Littlefoot waved at me, giggled at Daniel, then waved at the others.
She was gone, and with her, my joy.
Uncle Bart took me to his home the next day. He was holding a January barbecue for the others who were leaving later that evening. The snow around Uncle Bart’s house was all but gone, but the air was still cold, so most of us stayed in the house. Mr. Weldon, the diabetic rancher, had been invited. He stood outside by the barbecue while Uncle Bart kept a practiced eye on the grill. I watched through a window. I was a little too sore to be outside shivering. Weldon looked strong, spry, and healthy. He looked at me and raised a cup of whatever he was drinking in an unspoken toast.
I guess sometimes I do some good.
What’re you sketchin’ now?” Cowboy asked.
I flipped my notebook shut like a kid caught with porn.
The big guy smirked. “You know, Miss Brenda, you don’t have to keep hidin’ your gift under a bushel.”
I gave him a look. He gave me one of his good-ol’-boy shrugs. Daniel’s sittin’ on my other side and stifles a giggle.
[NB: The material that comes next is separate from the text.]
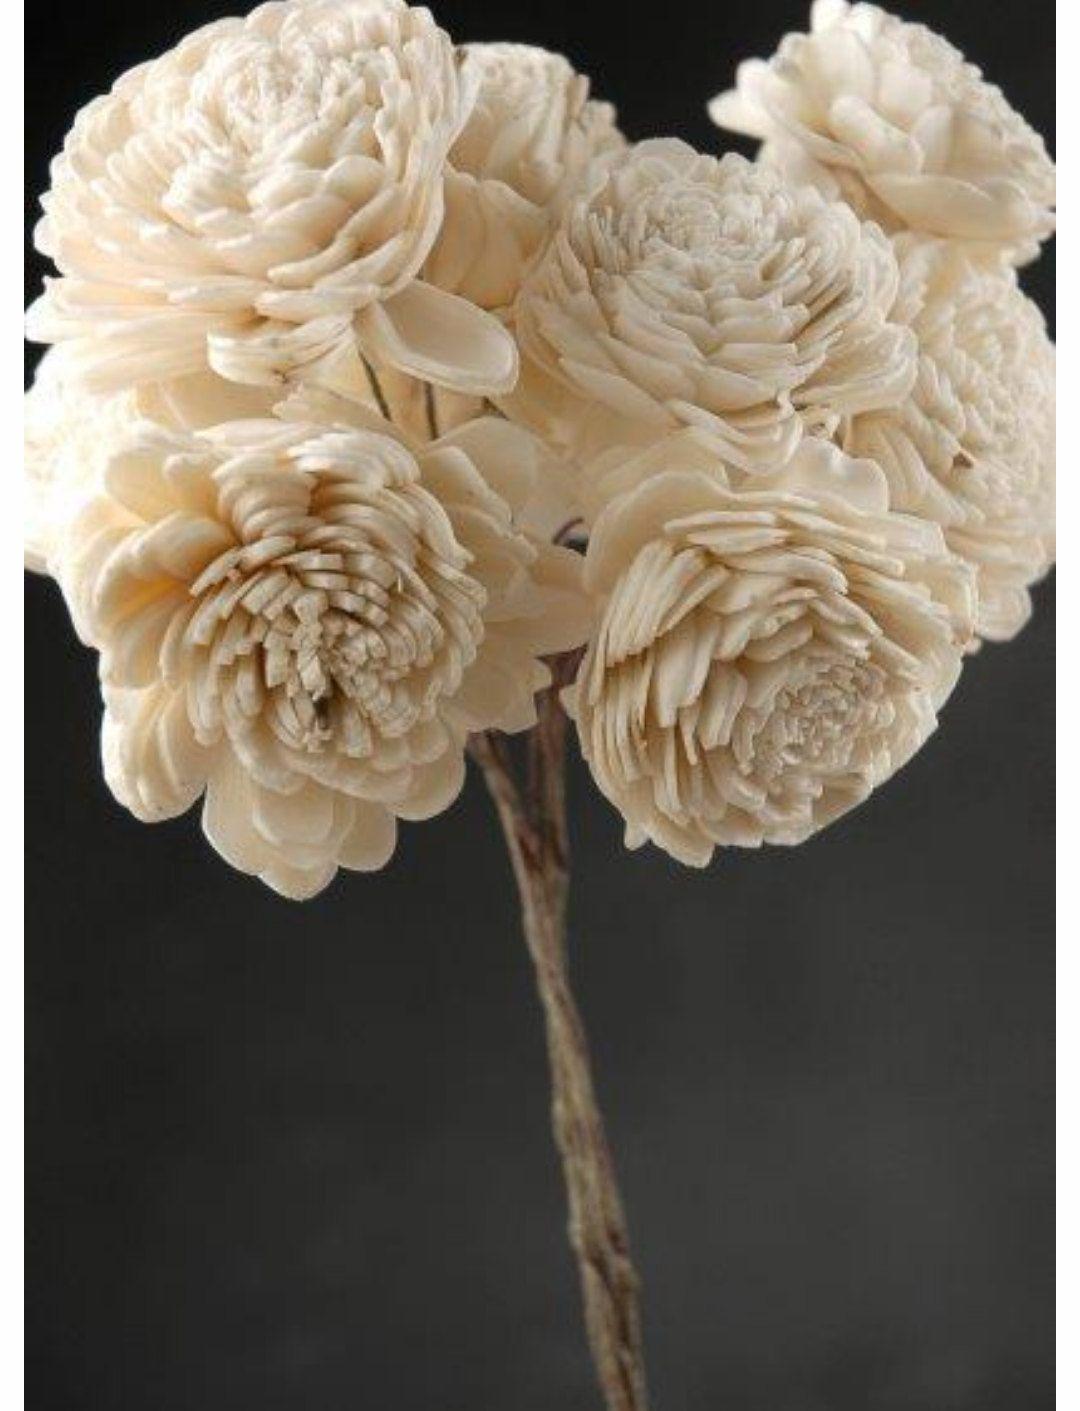 Wholesale tapioca wood sola flowers eco friendly bridal wedding wholesale tapioca wood sola flowers eco friendly bridal wedding flowers on stems 10 stems by baubleandflair izmirmasajfo
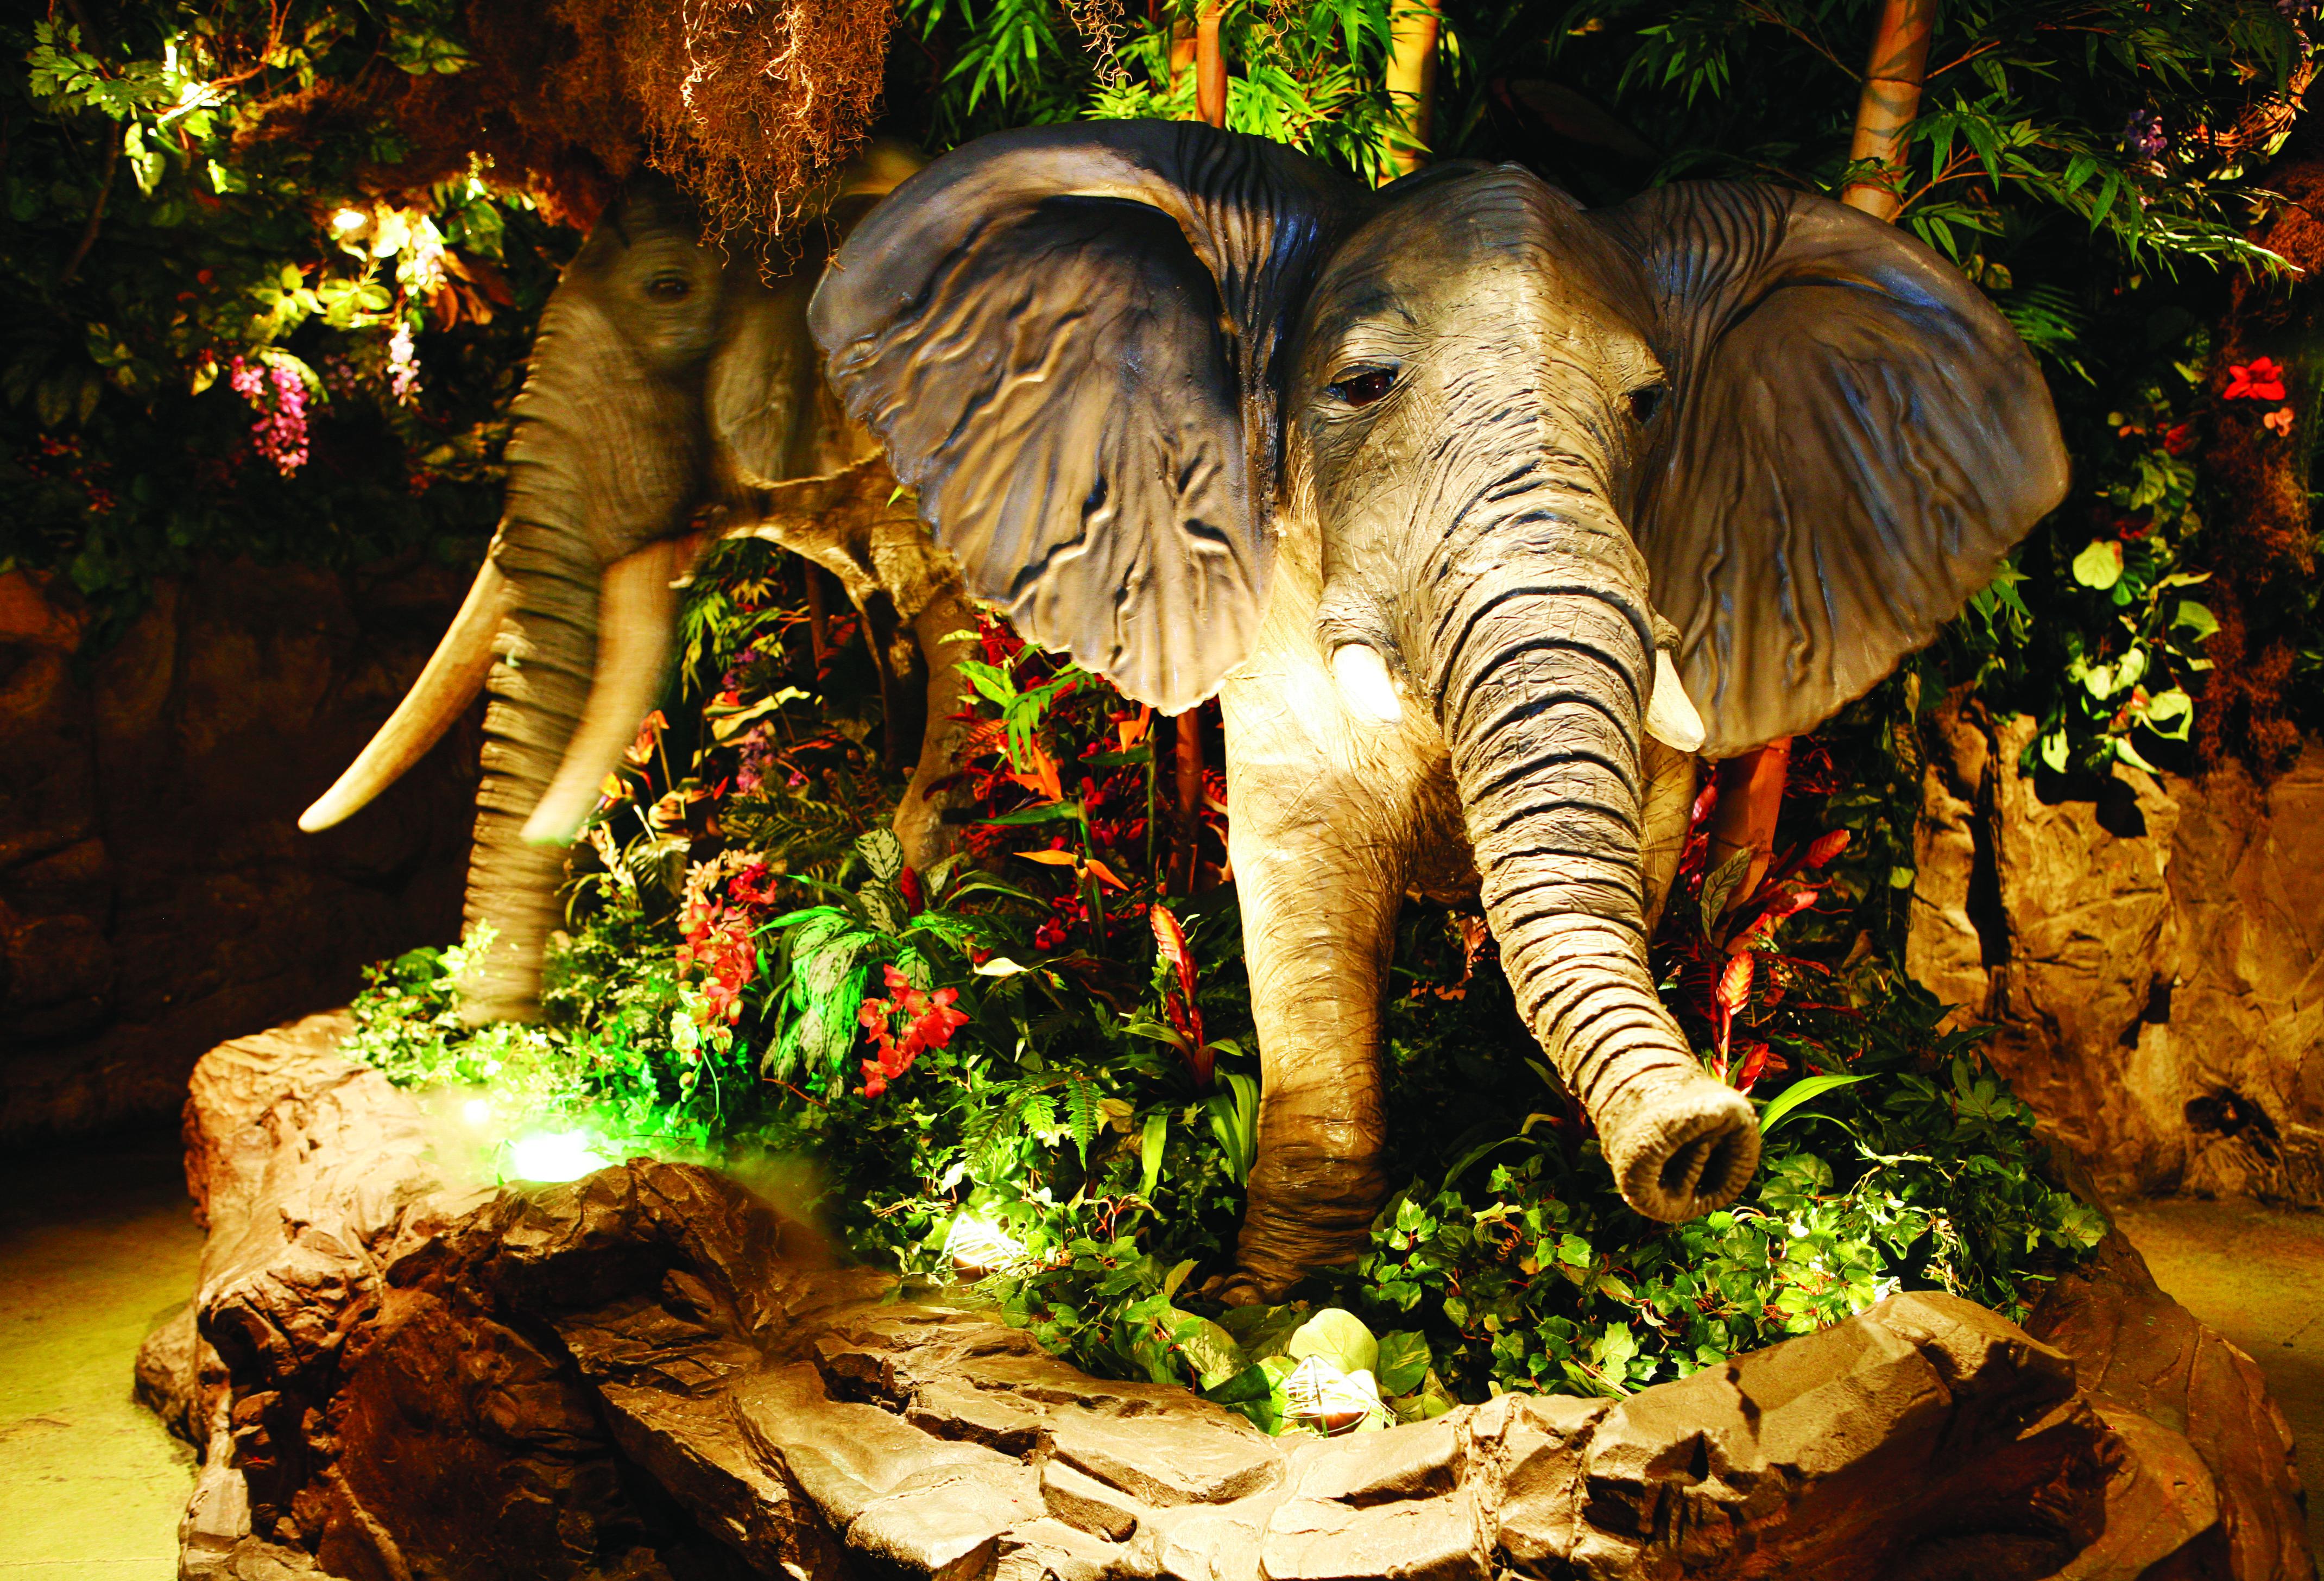 Rainforest Cafe Animal Kingdom Phone

I shoot him a look. “You think that’s funny?”
He grins and imitates Cowboy’s shrug.
I scowl. But the truth is I like that grin. It don’t happen much, but whenever it does, it warms somethin’ up inside me.
The sketch is a blue velvet armchair. It’s got peeling gold paint on its arms. I’ve been seeing it ever since we got on the plane to Rome. Never left my head. Not during the eight-hour flight with its crap food and rerun movies, not during Mr. Toad’s wild taxi ride from Da Vinci airport to the Vatican, and not as we sat on this butt-numbing wood bench listening to the professor lay into some pimply-faced, man-boy receptionist.
“Well, look again.” The old man waved at the computer screen. “Cardinal Hartmann. You do know what a Cardinal is, do you not? Cardinal Hartmann invited us to this location at this this particular date and this particular time to—”
“Mi scusi, Signor, but you cannot have an appointment with—”
“Blast it all, don’t tell me what I can and cannot have.”
“But, such a thing, it is not—”
“I’m sorry, are you part of some special-needs program?”
“Professor . . .” As usual, Andi, his ever-cheerful assistant, stepped in to try and prove her boss was a human being. As usual, the odds were not in her favor.
Meanwhile, Daniel scooted off the bench to get another drink of water. At least that’s what I figured. But the way he cocked his head upward like he was listening, told me one of his “friends” was around.
Miss Congeniality continued smoothing things over. “What the professor means is, we’ve just come from the airport. In fact, we haven’t even gone to our hotel because Cardinal Hartmann sent a very urgent and very personal request for us to visit him today.”
Cowboy and I traded looks. It was true. It hadn’t even been a month since the professor sent the Cardinal that scroll with the fancy writing on it. The one that some kid, supposedly from another universe, gave us. I know, I know, long story and I’m not in the mood. The point is, this Cardinal guy, who used to be the professor’s mentor back when the professor believed in God, begged us to come. He sweetened the deal by springing for our plane tickets. And since I couldn’t cash them in, and the professor had pulled some strings to get us some quick passports . . . well, here we were with our ol’ pals—stuck in some back-room reception area that smelled like old floor wax and old men.
I glanced over at Daniel. He’d passed the water fountain and stood at a wooden door built into the wall. Hardly visible. He looked back at me like he wanted something.
What? I mouthed.
He just stood there.
What?
Meanwhile, the professor cranked up his personality to super-jerk. “Okay, you do that.”
The receptionist got up and headed out of the room.
“Only make sure you bring back someone with a rudimentary understanding of communication skills.”
Daniel cleared his throat, real loud to get everyone’s attention. We turned to him and he reached for the door. He pushed it open and motioned for us to join him.
“What is it now?” the professor said. “Do you wish for us to follow? Do you believe there is something inside there?”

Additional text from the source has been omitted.